Organik ve Yöresel Ürünleri Pazarlama İmkanları 

Bu ürünlerin pazarlanmasında endüstriyel markaların ve ürünlerin satış stratejilerine gerek kalmayacaktır. Bilakis ürünün kendisini içerdiği katkılar , sunduğu faydalar ve diğer tüketim avantajları ile birlikte bizzat kendisi olacaktır. Zira ürünlerin ambalajlarında ya da etiketlerinde sadece ”Organik, yüzde yüz doğal ürün, sağlıklı” gibi ibareler kullanmak bile müşterilerin tamamına yakınını ikna etmeye yetecektir. Hal böyle olunca çok yüksek miktarlarda parayı reklam için harcamak çok da akıl karı değil.

Siz yine de ilk etapta marka bilinirliğini arttırmak adına e-ticaret sitenizin reklamını Google’a ve çeşitli sosyal medya hesaplarına yapabilirsiniz. Pazarlamanın aslan payını aslında medya yapıyor. Sabah programlarına katılan doktorlar ve beslenme uzmanları sürekli olarak organik ürün tüketiminin önemini ve artılarını paylaşıyor. Bu da aslında bir reklamdır ve bu reklam sonunda açtığınız e-ticaret sitesine giriş yapan kişilerin sayısı her geçen gün biraz daha artacaktır.

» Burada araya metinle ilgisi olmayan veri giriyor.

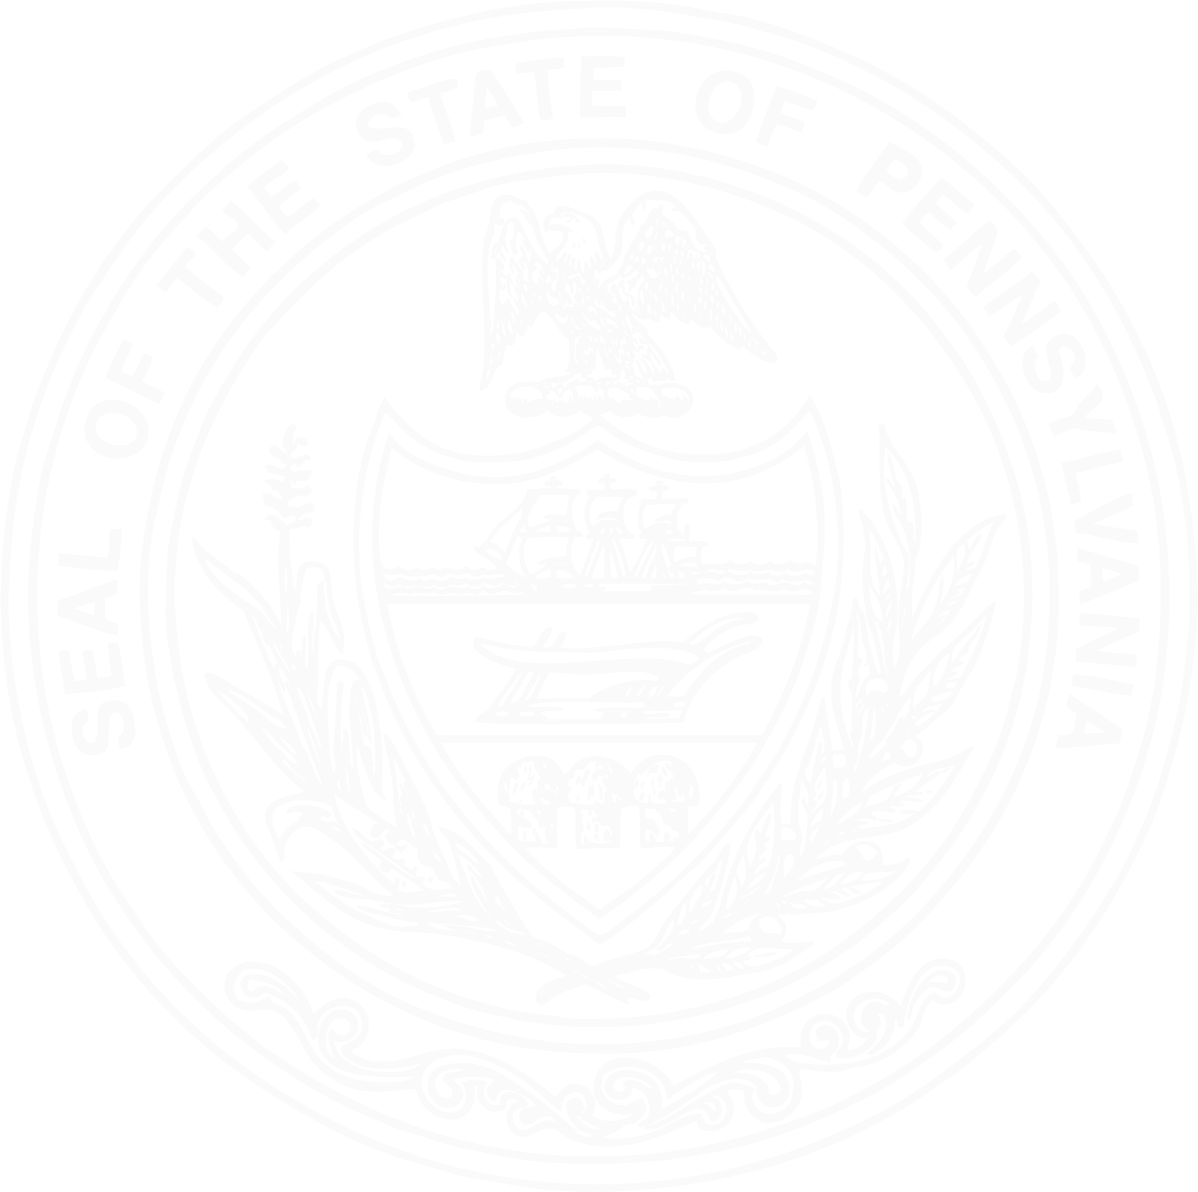 Governor's Logotype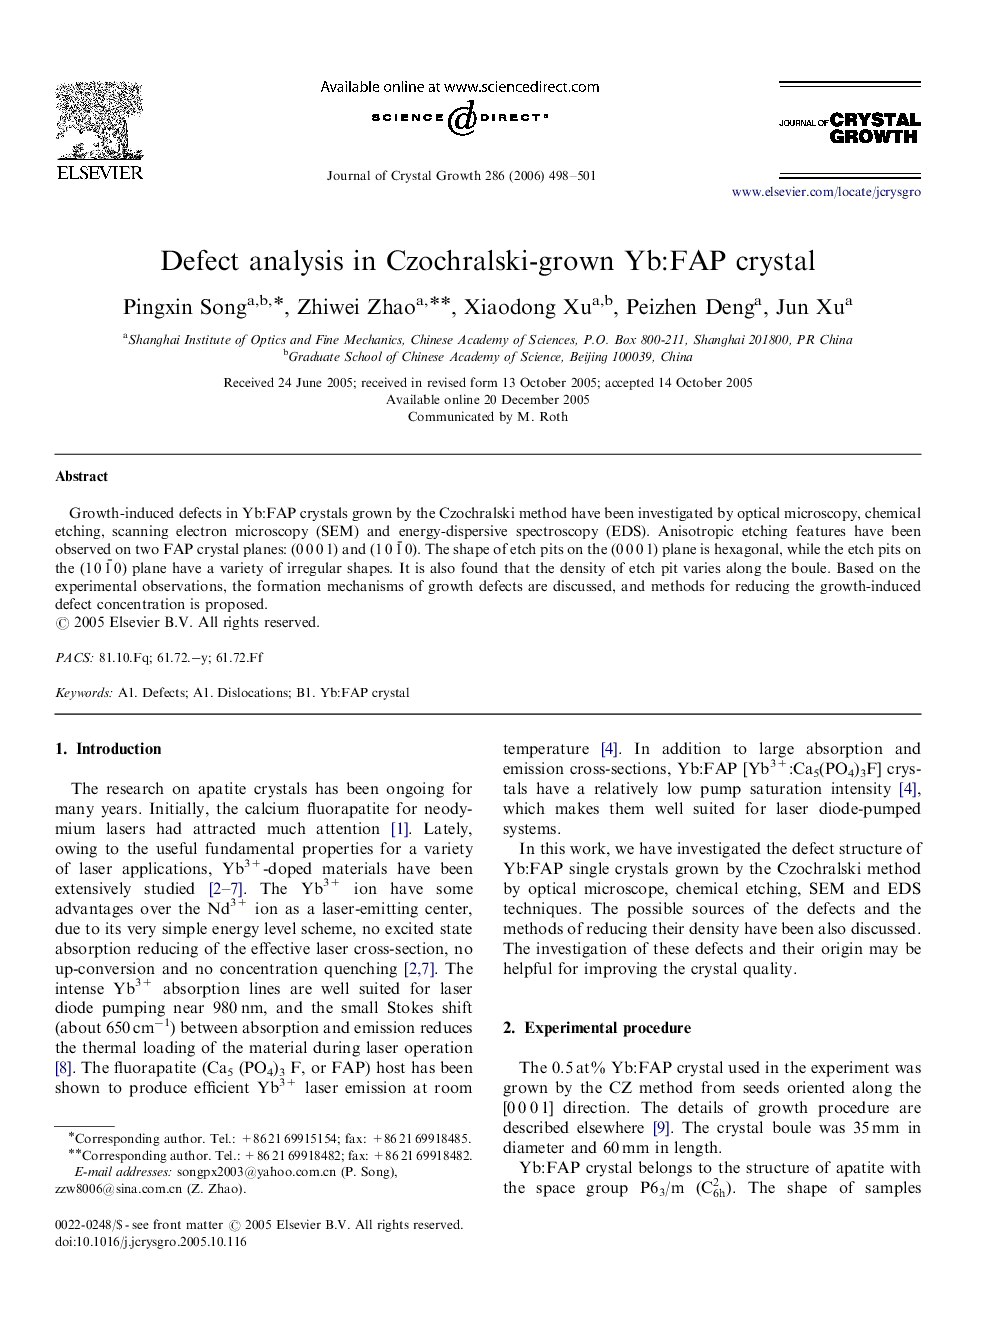 Defect analysis in Czochralski-grown Yb:FAP crystal

Organik ve Yöresel Ürünlerin Gelecekteki Durumu 

Artık şu soruyu sormamız için kahin ya da müneccim olmamıza gerek yok: Neden organik yöresel ürünler yakın gelecekte diğer ürünlere oranla daha fazla rağbet görecek? Çünkü deyim yerindeyse maymun gözünü açtı ve insanlar artık sağlık ve beslenme konusunda çok daha bilinçli hale geldi. İnsanlar ne yediklerini, tam olarak, tam anlamıyla bilmek istiyorlar. Önceden gözü kapalı güvenilen markalar da bu alandaki güvenilirliğini yitirdi. Birçok farklı marka ürünlerine insan sağlığını hiçe sayarak son derece tehlikeli ve bağımlılık yapan malzemeler bile ekliyor. Bunların bir kısmı ortaya çıktı, bir kısmı da ortaya çıkmak üzere.

Durumlar böyleyken organik ve yöresel ürünlerin rağbet oranı her geçen gün biraz daha artacak. Obezite ile mücadele kapsamında da bu tür ürünlere olan ilgi çeşitli kişi ve kurumlar tarafından desteklenmektedir.